The caller was annoyed and had a threatening tone in his voice. He got right to the point and informed me that he was a business manager for Jimmy Buffett. He quickly added that we had infringed on trademark and other intellectual property rights – I can’t recall the full extent of our alleged/supposed violations but I was intrigued.

When I politely asked, “What the hell are you talking about?” he explained that Parrot Bay Rum by Captain Morgan, which had recently been introduced, infringed on their established use of the term Parrott Head, the commonly used nickname for fans of Jimmy Buffett. (I remember thinking, “Is he nuts?” How do you trademark the term parrot?)

I knew who Buffett was and associated him with the song Margaritaville, but I was far from a fan, much less an aficionado. I knew he had a strong and loyal following but that was about it.

Instinct told me this gentleman had more on his mind than a lawsuit so I pushed back.

“I don’t know what you’re talking about,” I countered. “Two floors below there are offices chocked full of lawyers who spend their time dealing with real and frivolous issues, so I suggest you take your best shot and do what you need to do.” There was silence but I could hear him blink. “Now, do you want to tell me why you’re really calling?”

He went on to explain that they’d like to have private label tequila for their restaurants and, since we didn’t have a viable brand (that hurt), would we be interested in producing one for them.

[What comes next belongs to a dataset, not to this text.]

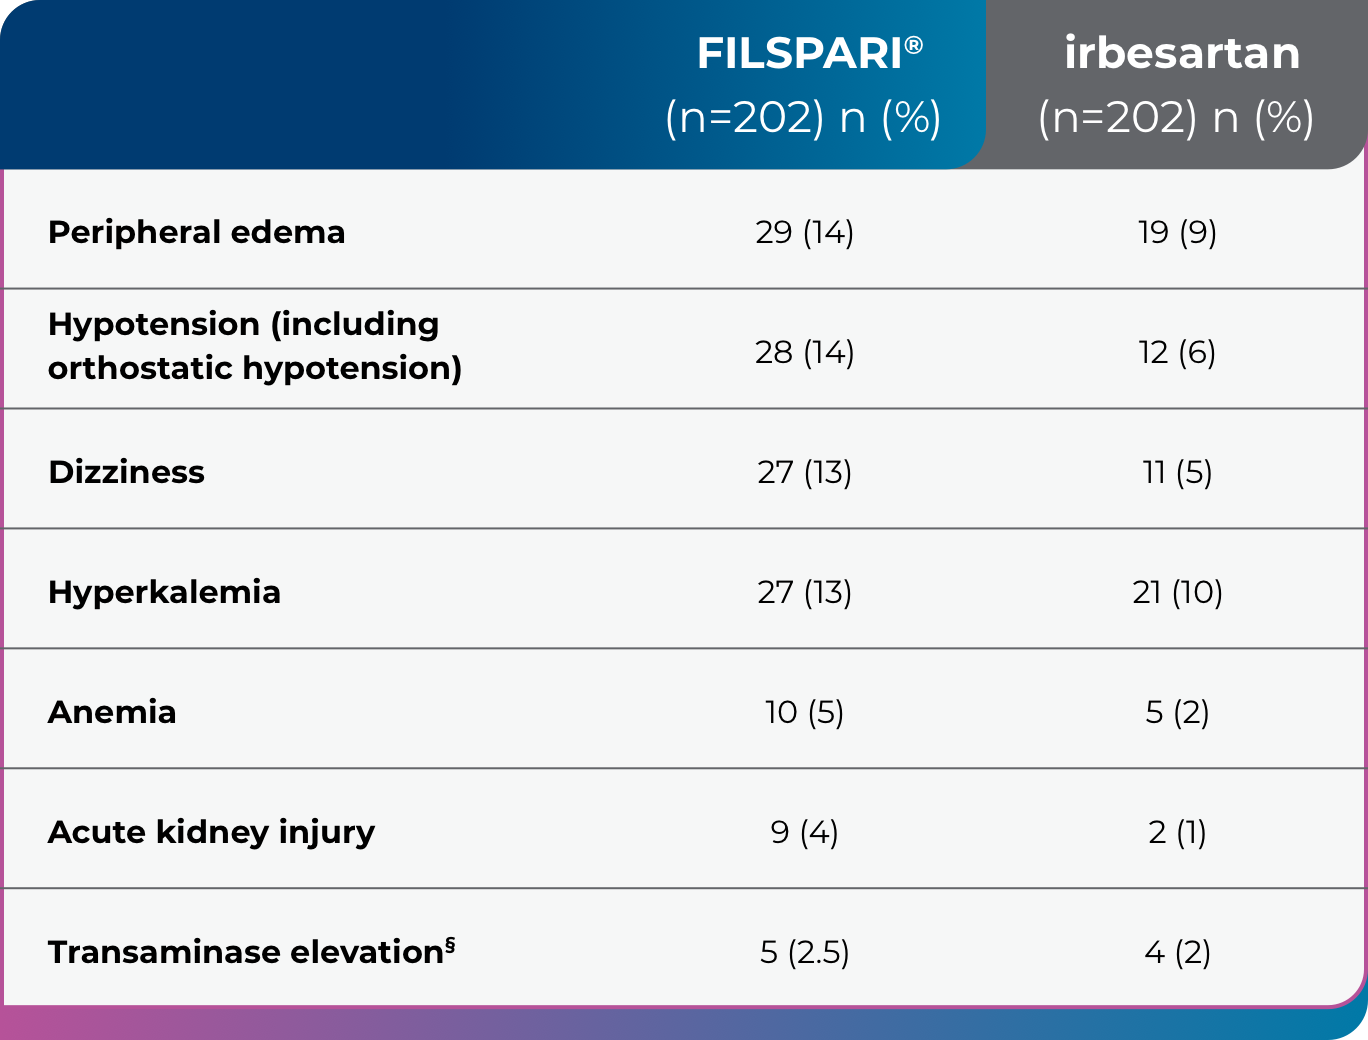 Chart showing the percentage of adverse reactions experienced by patients treated with either FILSPARI or irbesartan during the PROTECT Study

“Listen… private label tequila is not a good idea … you’ll make a nickel and we’ll make a dime. It won’t be anything more than a well brand… Tell you what … let’s talk about licensing Jimmy Buffett’s name for a tequila.”

The glee in his voice told me that I had just been played but, no matter, we needed a tequila brand and this might just be the ticket.

He informed me that they would prefer to use the name Margaritaville but the look and feel would be totally Buffett.

It didn’t take long to consider, particularly since a friend and wholesaler, one of the best and smartest in the business, recommended him to us. The deal was done, so far as I was concerned. Getting approval from management (not the owners this time) was another matter. It took a while.

Buffett’s man lived up to his end of the deal – wouldn’t you if you got a hefty royalty off the top? As for me, I became whatever the word is that goes beyond an admirer of Buffett, his music (made my kids so crazy by playing it constantly that they refused to ride in the car with me), his business and, of course, going to his concerts.

The biggest issue in the development was to capture the essence of the Jimmy Buffett brand. The next thing I know, the man himself appears at the office and lets us know that he is there to help with the back label copy. In twenty minutes, he produced the most incredible story that was totally Buffett. He is an amazing guy, top of the game performer, highly recognized and accomplished author and a decent, down to earth person.

In the few years that Seagram had it before the lights went out, the brand went from 5,000 to 50,000 cases. Afterward, it continued to grow but was bounced from company to company without, in my opinion, any significant focus or direction.

There is a happy ending however. Margaritaville is now part of the Sazarac Company and in good hands. In addition to the original tequila brands, they have rum and prepared cocktails including a skinny margarita mix.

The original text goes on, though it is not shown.